GOVERNMENT’S draft Bill to establish an independent electoral commission has been described as lacking key provisions to ensure its impartiality during elections, the New York-based
Human Rights Watch has said.
The Bill is currently being debated in parliament. Human Rights Watch said some provisions of the Zimbabwe Electoral Commission Bill fell short of the benchmarks for democratic elections agreed by the Southern African Development Community (Sadc) in Mauritius in August.
“Zimbabwe’s move to establish an electoral commission is a step in the right direction,” said Peter Takirambudde, executive director of Human Rights Watch’s Africa division.
“But this Bill fails to provide the protections needed to ensure a level playing field for next year’s general elections.”
Takirambudde said there were provisions in the Bill that impeded the creation of a fully independent and impartial electoral authority as envisaged in the Sadc principles on the holding of democratic elections.
“First, the method of appointing electoral commissioners does not provide for the sufficient inclusion of various political parties. Second, the Bill does not adequately restrict high-ranking political party office holders from being appointed as commissioners,” Takirambudde said.

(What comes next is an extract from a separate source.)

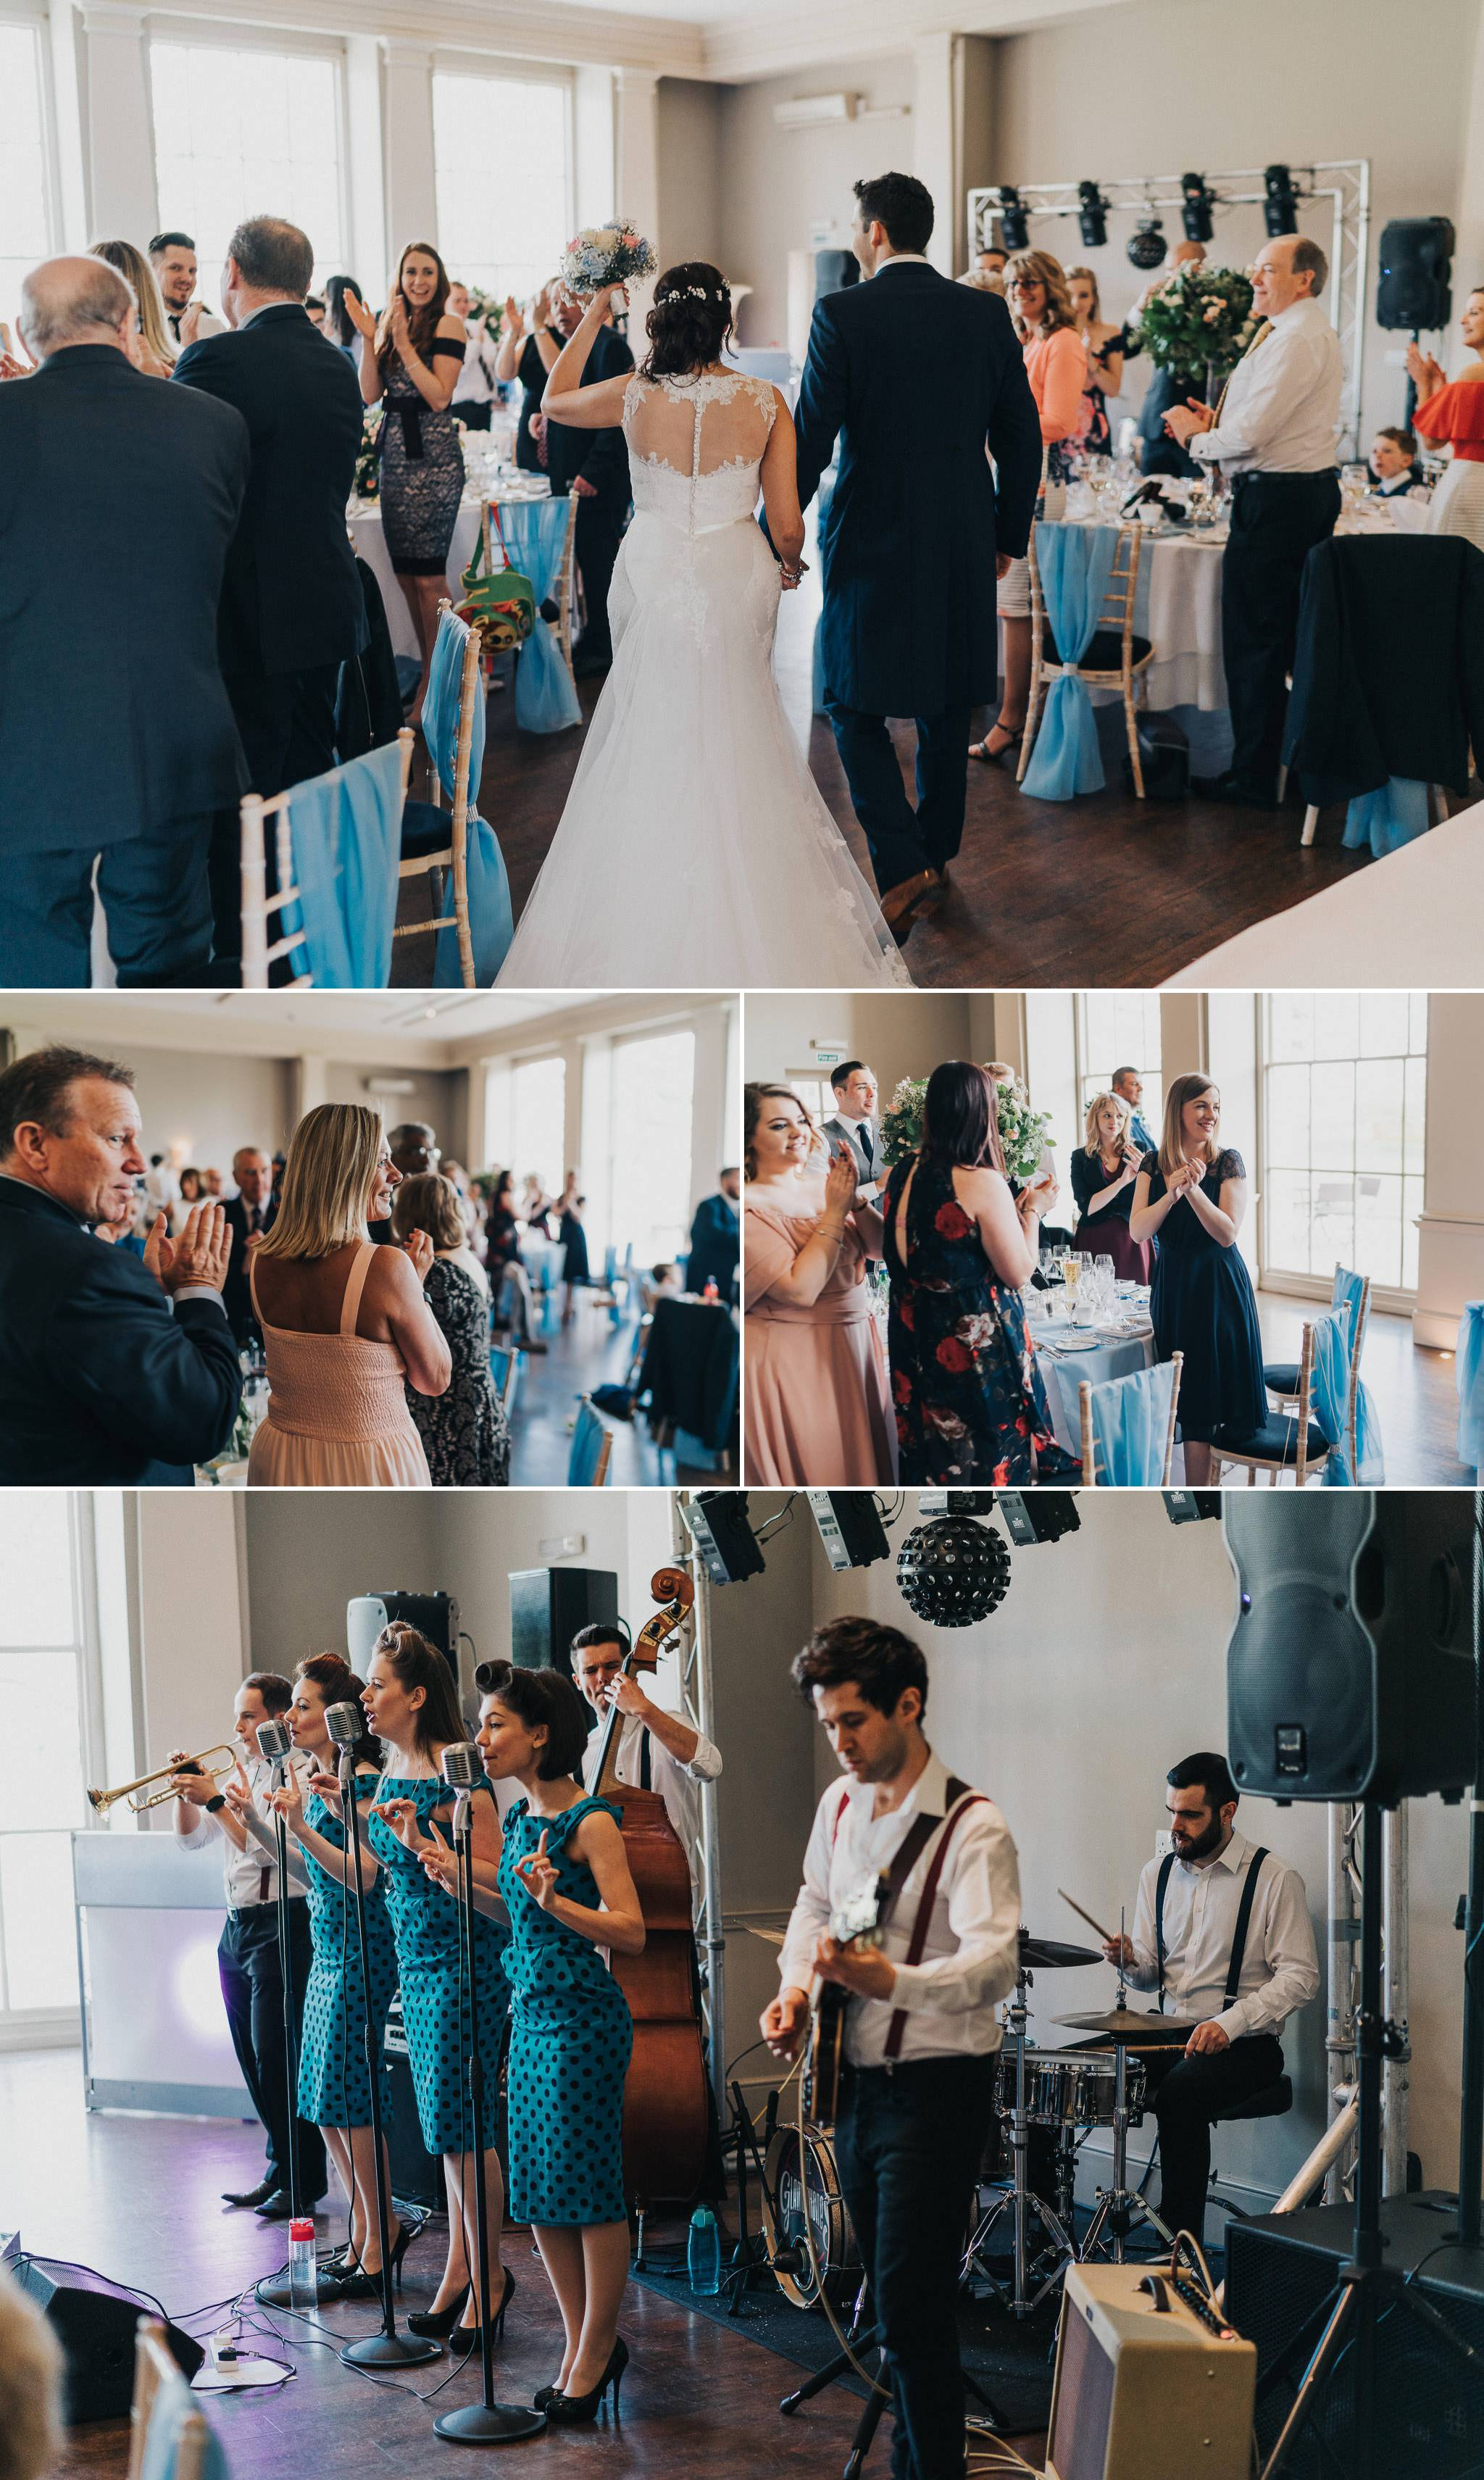 stubton-hall-wedding-photography 15.jpg

He said the Bill also provided numerous opportunities for ministerial interference in the work of the commission. “Fourth, the establishment of the commission solely through an ordinary statute makes it vulnerable to repeal.”
He said Zimbabwe’s previous general election in June 2000 and its presidential election in March 2002 ended in sharp acrimony over the process and fairness of the result.
“In this heated and politically polarised environment, an independent and impartial electoral commission could help build voter confidence in the conduct of the upcoming election,” Takirambudde said.
He said the eligibility criteria for commissioners should include restrictions on the appointment of high-ranking political-party officials.
“Ministerial interventions in the operations of the commission should be removed and the commission should be made responsible only to parliament. A constitutionally mandated independent and impartial electoral commission would firmly establish these principles and the institution itself,” he said.
He said the Bill’s provisions on voter education infringed on Sadc’s principles and guidelines.
“Under the Bill, the commission would be empowered to require anyone, other than a political party, providing voter education to furnish it detailed information, including funding sources. Failure to comply would constitute a criminal offence, liable to a fine of up to two years of imprisonment.”